Embodiment-specific encoders and decoders handle variable degrees of freedom across humanoid platforms — from 10-DoF bimanual arms to 50+ DoF full-body systems. The model accepts proprioceptive state vectors (joint positions, velocities, torques) alongside vision, enabling closed-loop control. Training used 64-160 NVIDIA H100 GPUs over multiple weeks, with gradient checkpointing and mixed-precision optimization to manage the 34B parameter count^[1].

Training Data Mixture: Three-Layer Provenance Strategy

GR00T N1's training corpus combines three data layers with distinct provenance and licensing profiles. Layer 1: Real Robot Trajectories comprises 50,000+ teleoperated demonstrations from humanoid and bimanual platforms, captured at 50+ Hz with synchronized multi-view RGB, depth, and full joint-state recordings^[1]. These trajectories span manipulation tasks (pick-place, assembly, tool use), locomotion sequences, and whole-body coordination scenarios.

Layer 2: Human Egocentric Video includes 3 million clips from head-mounted cameras documenting kitchen tasks, assembly workflows, and daily activities. EPIC-KITCHENS-100 contributed 100 hours of annotated kitchen interactions; Ego4D provided large-scale egocentric footage across diverse environments. A VQ-VAE latent-action codebook trained on this human video enables the model to infer plausible action sequences from visual observation alone, bridging the embodiment gap between human demonstrators and robot actuators.

Layer 3: Synthetic Simulation Data from NVIDIA Isaac Sim supplies domain-randomized visuals with ground-truth actions, camera calibration, and physics metadata. Synthetic data addresses long-tail scenarios underrepresented in real collections — edge-case grasps, collision recovery, multi-object interactions. Domain randomization techniques vary lighting, textures, and object properties to improve sim-to-real transfer. All three layers require explicit licensing review; data provenance tracking becomes mandatory for commercial deployment under EU AI Act Article 10 transparency requirements^[2].

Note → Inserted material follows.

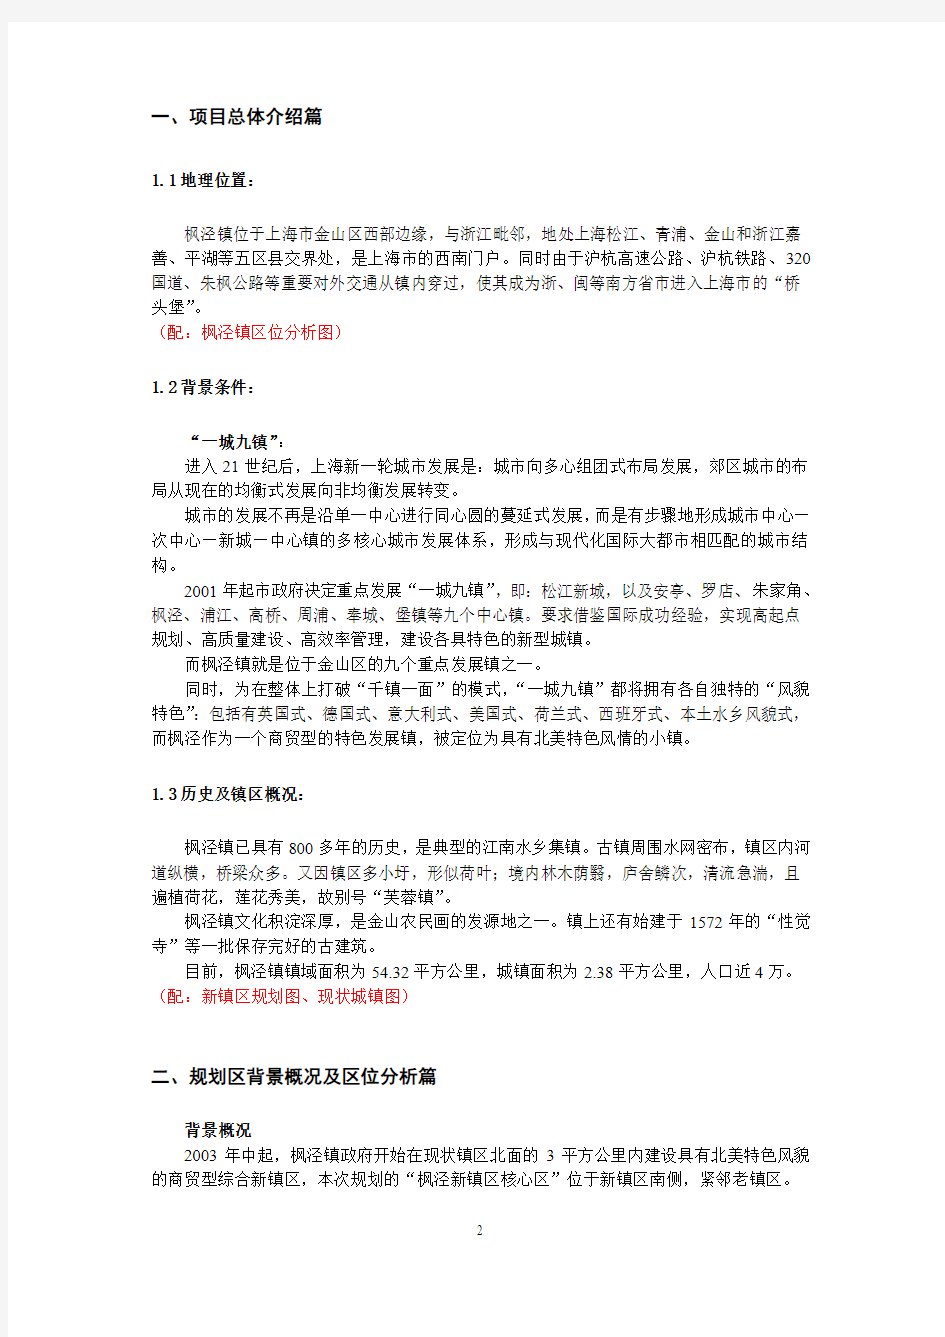 枫泾新镇核心区概念性规划方案(同济)讲解

Input-Output Specification and Embodiment Encoding

GR00T N1 accepts multi-view RGB images at configurable resolution (typically 224×224 per camera, 2-6 views) plus proprioceptive state vectors encoding joint positions, velocities, and optionally torques or force-torque sensor readings. Eagle-2's SigLIP-2 vision encoder processes each camera view independently before fusing features in a cross-attention layer. Natural language instructions (up to 512 tokens) condition both the reasoning and motor systems.

The model outputs continuous joint-position targets via the diffusion transformer, which iteratively denoises action sequences over 10-50 diffusion steps. Action flow matching — a variant of diffusion policy training — learns to map noisy action proposals to ground-truth trajectories, improving sample efficiency over standard DDPM objectives. Embodiment-specific decoders translate the model's internal action representation into platform-native joint commands, handling variable DoF counts (10-50+) and kinematic constraints.

Control frequency differs by system: Eagle-2 reasoning runs at 10 Hz, suitable for task-level replanning; the diffusion motor controller operates at 50+ Hz for smooth trajectory execution. This dual-rate design reduces computational overhead — high-level decisions need not run at servo rates. RT-2's vision-language-action architecture pioneered similar frequency separation; GR00T N1 extends it to humanoid-scale embodiments with explicit System 1/System 2 boundaries.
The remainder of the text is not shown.